Imidazole (140 mg, 2 mmol), TESCl (0.14 mL, 0.85 mmol), and DMAP (6 mg, 0.05 mmol) were added sequentially to a solution of 18 (290 mg, 0.53 mmol) in CH₂Cl₂ (10 mL). The cloudy solution was stirred 45 min until the TLC analysis showed complete conversion of the starting material. The reaction was quenched with the saturated solution of NH₄Cl (10 mL) and extracted three times with CH₂Cl₂. The organic layers were dried over MgSO₄ and filtered, and the solvent was evaporated under reduced pressure. Purification with deactivated (1% Et₃N) silica gel column chromatography with hexane/EtOAc (95:5) afforded S7 (300 mg, 86%) as a colorless oil. ¹H NMR (400 MHz, CDCl₃): δ 0.03 (s, 6H), 0.56–0.63 (m, 6H), 0.89 (s, 9H), 0.89–0.96 (m, 12H), 1.68 (dt, J = 6.6, 5.4 Hz, 2H), 1.89 (qd, J = 6.9, 3.2 Hz, 1H), 2.78 (dd, J = 16.3, 5.4 Hz, 1H), 2.95 (dd, J = 16.3, 6.6 Hz, 1H), 3.41 (dd, J = 9.8, 7.0 Hz, 1H), 3.59 (s, 3H), 3.61–3.67 (m, 2H), 3.80 (s, 3H), 4.31–4.38 (m, 1H), 4.39–4.51 (m, 2H), 5.58 (s, 1H), 6.83–6.88 (m, 2H), 7.22–7.26 (m, 2H). HRMS (ESI+) m/z: calcd for C₃₁H₅₆BrO₆Si₂ [M + H]⁺, 659.2793; found, 659.2762.

(5R,7S,8S,E)-1-Bromo-9-((tert-butyldimethylsilyl)oxy)-2-methoxy-7-((4-methoxybenzyl)oxy)-8-methyl-3-methylene-5-((triethylsilyl)oxy)non-1-ene (S8)

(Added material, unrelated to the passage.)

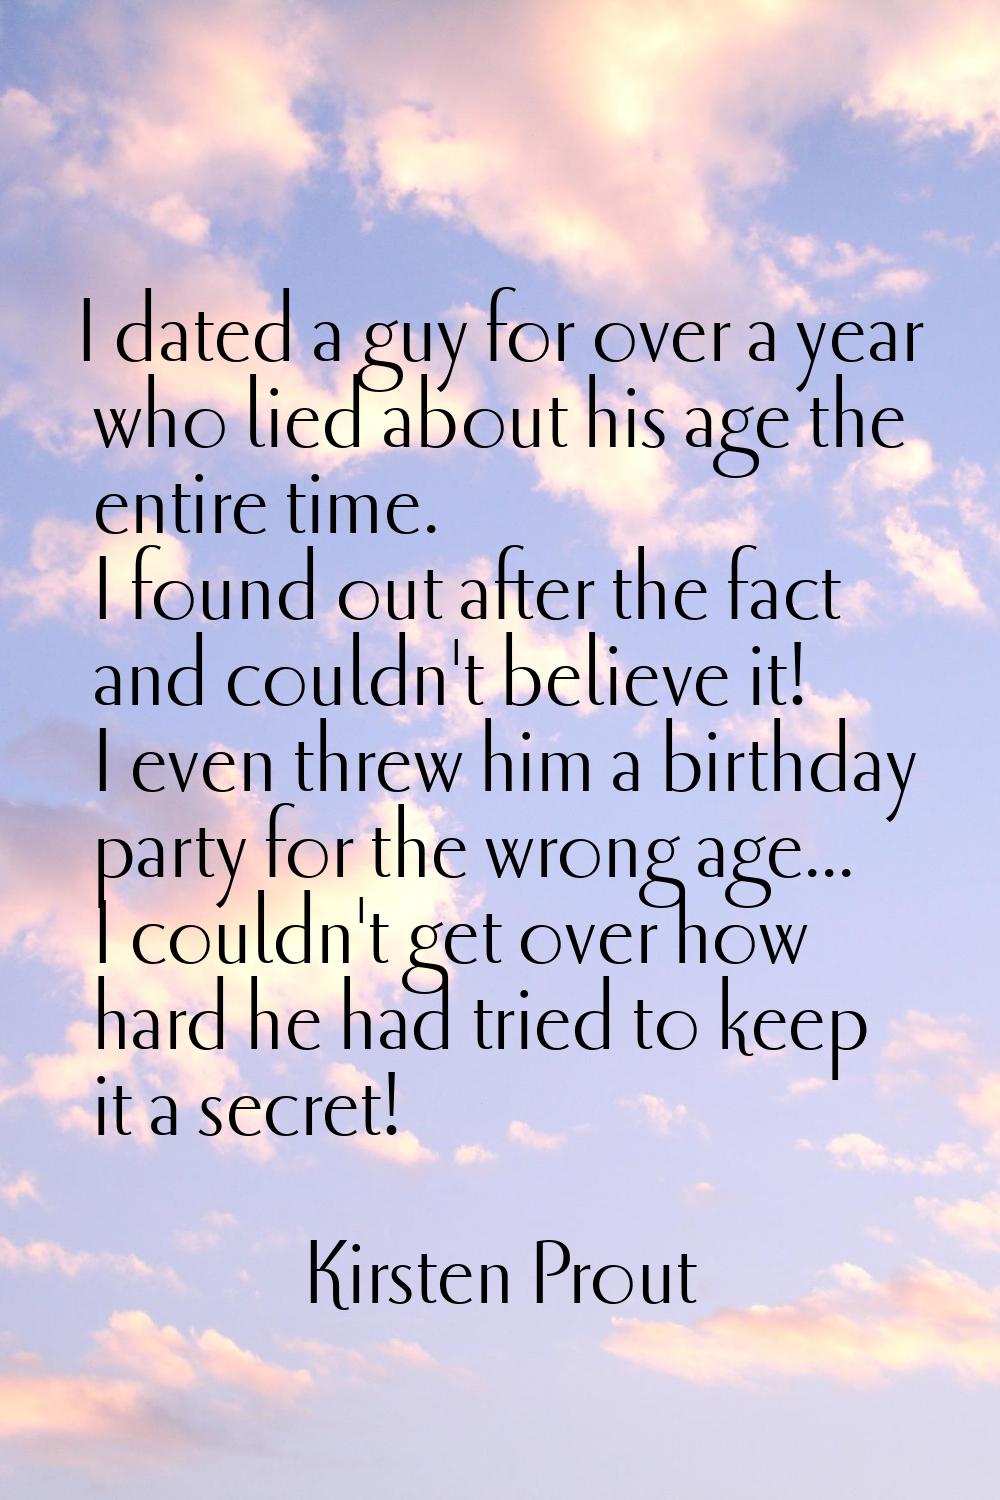 I dated a guy for over a year who lied about his age the entire time. I found out after the fact an

A solution of the Tebbe reagent in toluene (0.5 M, 3.62 mL, 1.81 mmol) was added to a solution of S7 (290 mg, 0.45 mmol) and pyridine (0.150 mL, 1.81 mmol) in THF (12 mL) at 0 °C. The reaction mixture was warmed to rt and then heated up at 50 °C for 90 min. Then, it was quenched at rt with the saturated solution of Rochelle’s salt (3 mL) and extracted three times with Et₂O. The organic phase was dried over MgSO₄ and filtered, and the solvent was evaporated under reduced pressure. Purification by silica gel column chromatography with hexane/EtOAc (95:5) yielded alkene S8 (235 mg, 81%) as a colorless oil. ¹H NMR (400 MHz, CDCl₃): δ 0.03 (s, 6H), 0.54–0.64 (m, 6H), 0.87–0.90 (m, 12H), 0.92–0.97 (m, 9H), 1.43–1.50 (m, 1H), 1.76–1.85 (m, 1H), 1.92 (qd, J = 6.8, 3.2 Hz, 1H), 2.29 (dd, J = 13.8, 9.0 Hz, 1H), 2.61 (dd, J = 13.8, 4.2 Hz, 1H), 3.41 (dd, J = 9.8, 7.2 Hz, 1H), 3.49 (s, 3H), 3.62–3.72 (m, 2H), 3.80 (s, 3H), 3.88–3.96 (m, 1H), 4.42 (d, J = 11.1 Hz, 1H), 4.50 (d, J = 11.1 Hz, 1H), 5.26 (s, 1H), 5.33 (s, 1H), 5.38 (s, 1H), 6.79–6.88 (m, 2H), 7.23–7.26 (m, 2H). ¹³C NMR (101 MHz, CDCl₃): δ 5.3 (t), 7.2 (q), 12.1 (q), 26.1 (q), 38.9 (t), 39.4 (d), 43.4 (t), 55.3 (q), 55.4 (q), 65.1 (t), 68.5 (d), 71.0 (t), 77.0 (d), 78.4 (d), 113.5 (d), 121.3 (t), 128.6 (d). HRMS (ESI+) m/z: calcd for C₃₂H₅₈BrO₅Si₂ [M + H]⁺, 657.3001; found, 657.2991.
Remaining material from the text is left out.